Video: Introduction of the new Whitney graphic identity, short movie by Experimental Jetset
Seeking not just a logo but an entire identity system--from typography to visual behaviors--the Whitney wanted a mark that could extend to widely varying graphic materials, had a timeless quality and placed primary importance on the presentation of the art itself. "With our previous identity, we had to crop artwork and place text over images. We wanted a new approach that was more respectful of our art and artists," Levine says.
For help, the museum turned to Amsterdam design firm Experimental Jetset, helmed by Marieke Stolk, Erwin Brinkers and Danny van den Dungen. They created a minimalist mark built around a thin, elastic "W" zigzag that "responds" to space, changing shape based on surrounding text or images. "The identity allows the Whitney designers to put their own creativity in it and turn the volume up or down--subtly alongside an artwork reproduction, or more dominantly when used on its own," the design trio explains.

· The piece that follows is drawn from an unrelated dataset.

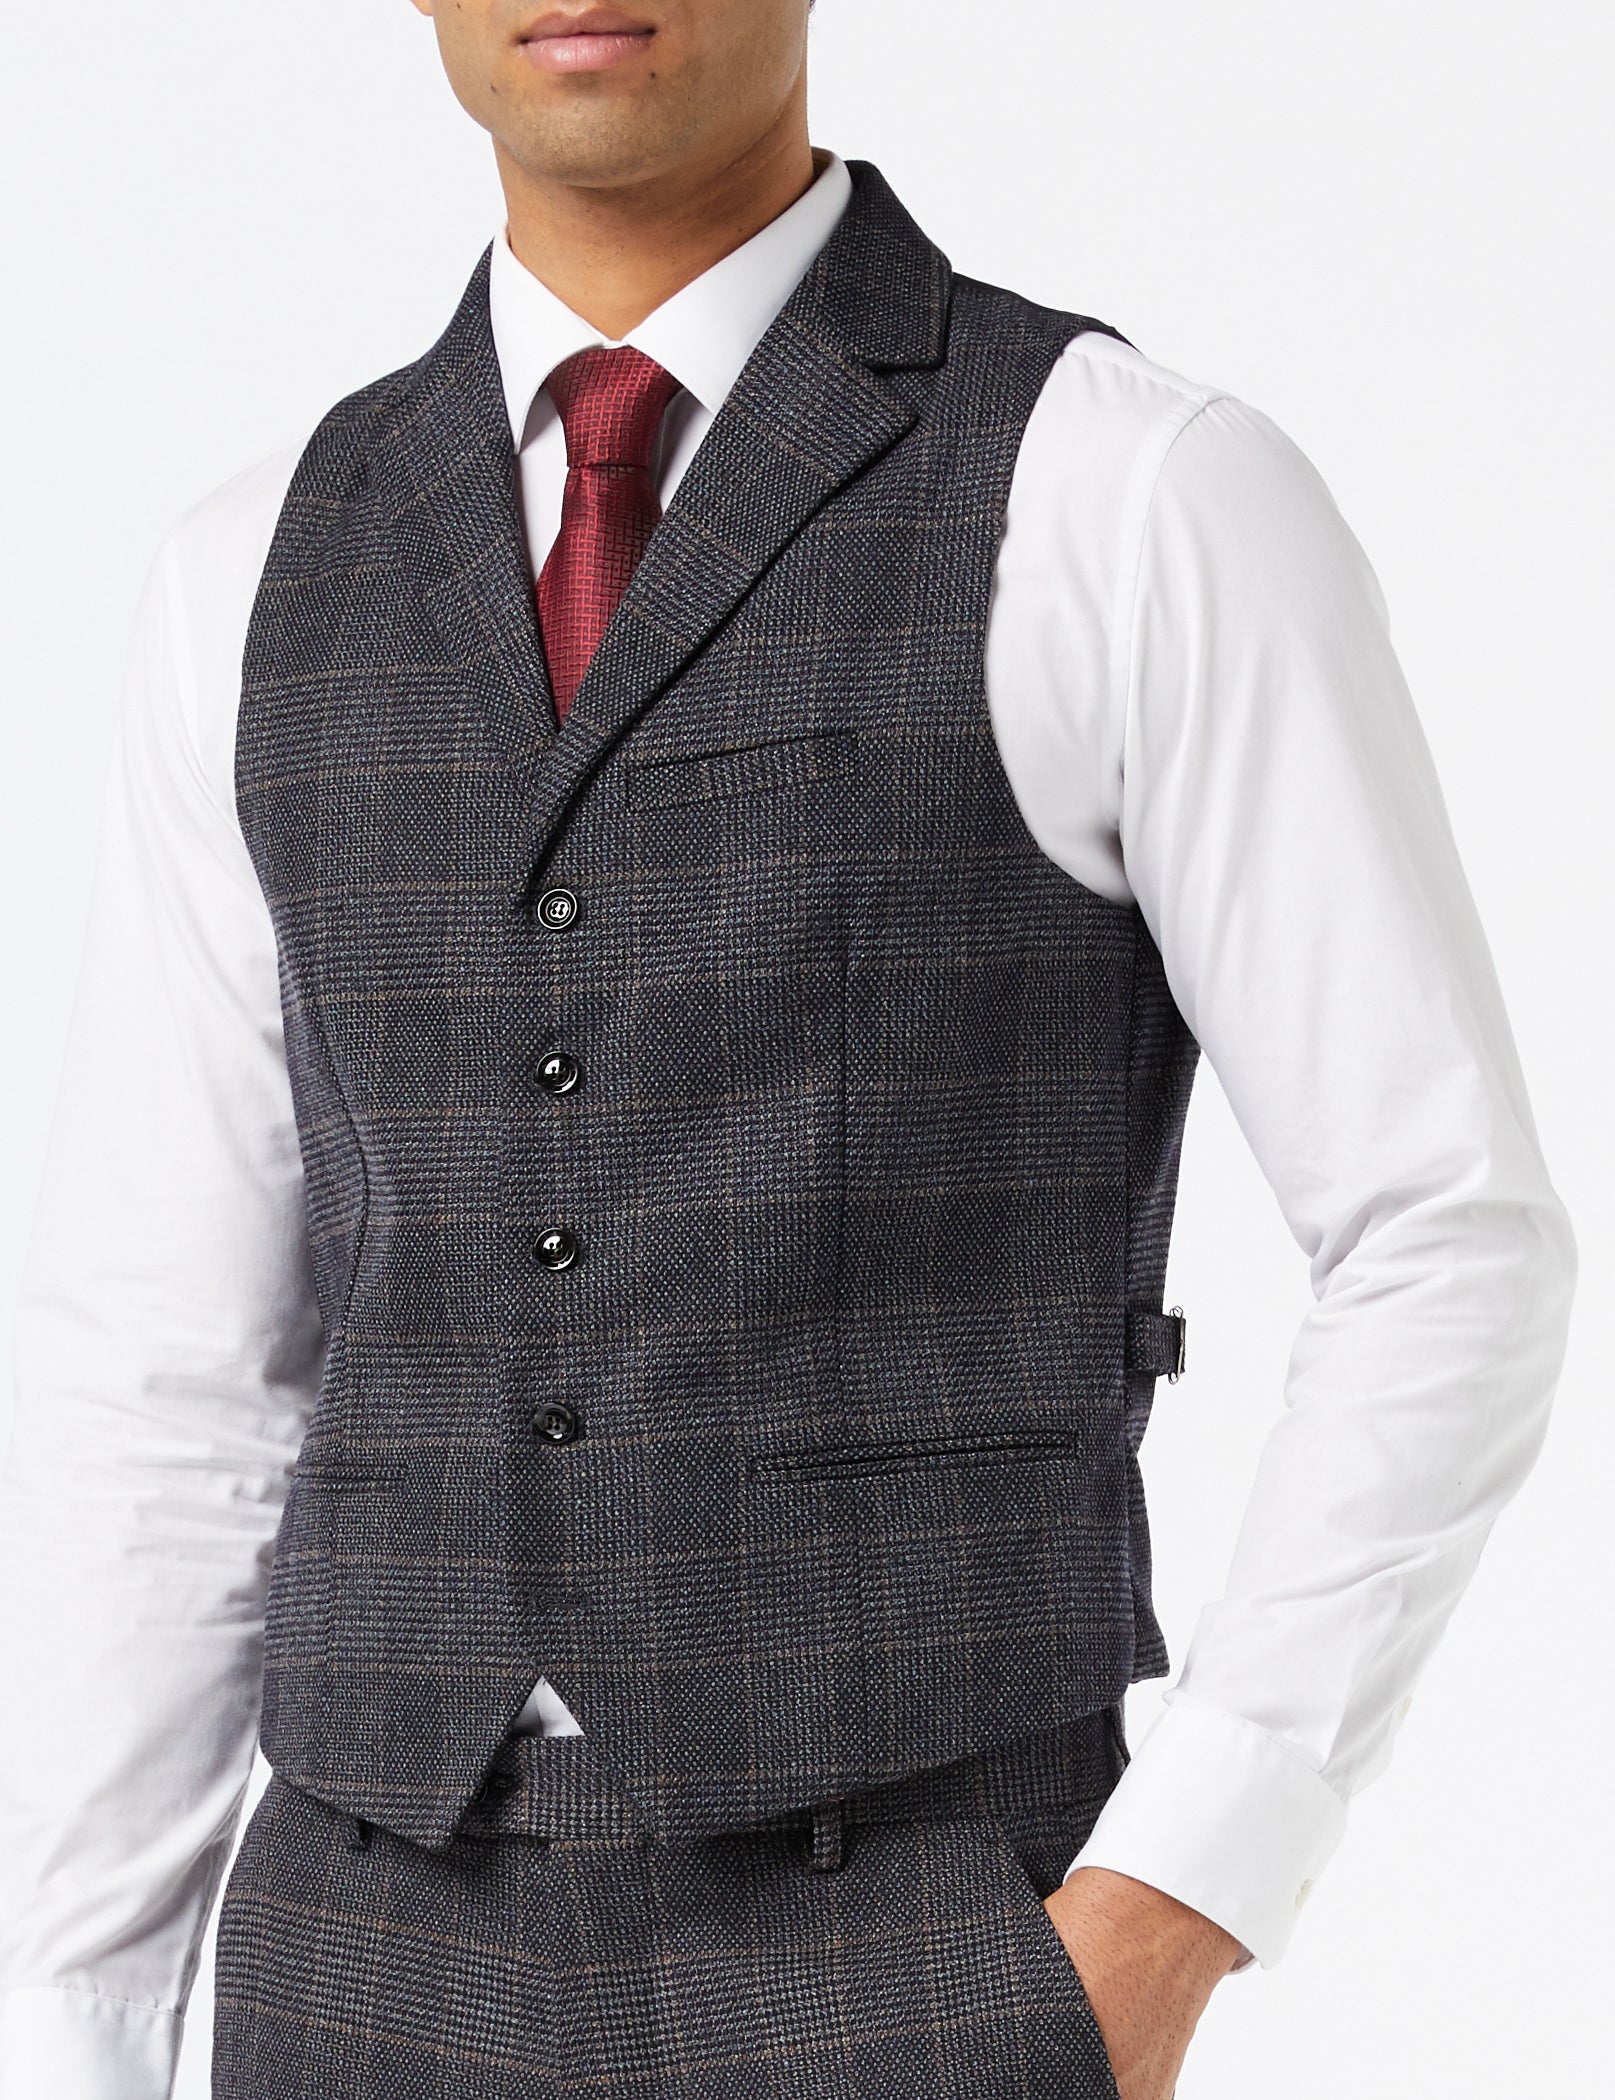 ETHAN - GREY TWEED CHECK SUIT

Compellingly, the so-called "Responsive W" breaks a cardinal rule: that a logo should remain consistent to build brand recognition. "The fact that this isn't a static mark is a major shift not only for the institution's identity, but also for branding in general," says Whitney director of graphic design Hilary Greenbaum.
Still, there are mandates for consistency. Experimental Jetset issued a 220-page guidebook that outlines how to implement the identity system but "leaves room for the design staff to interpret," says Greenbaum, who has led the extension to the website, museum guides and membership cards. "Having an identity that bends and sways to the artwork is brilliant and a direct reflection of the Whitney's philosophy."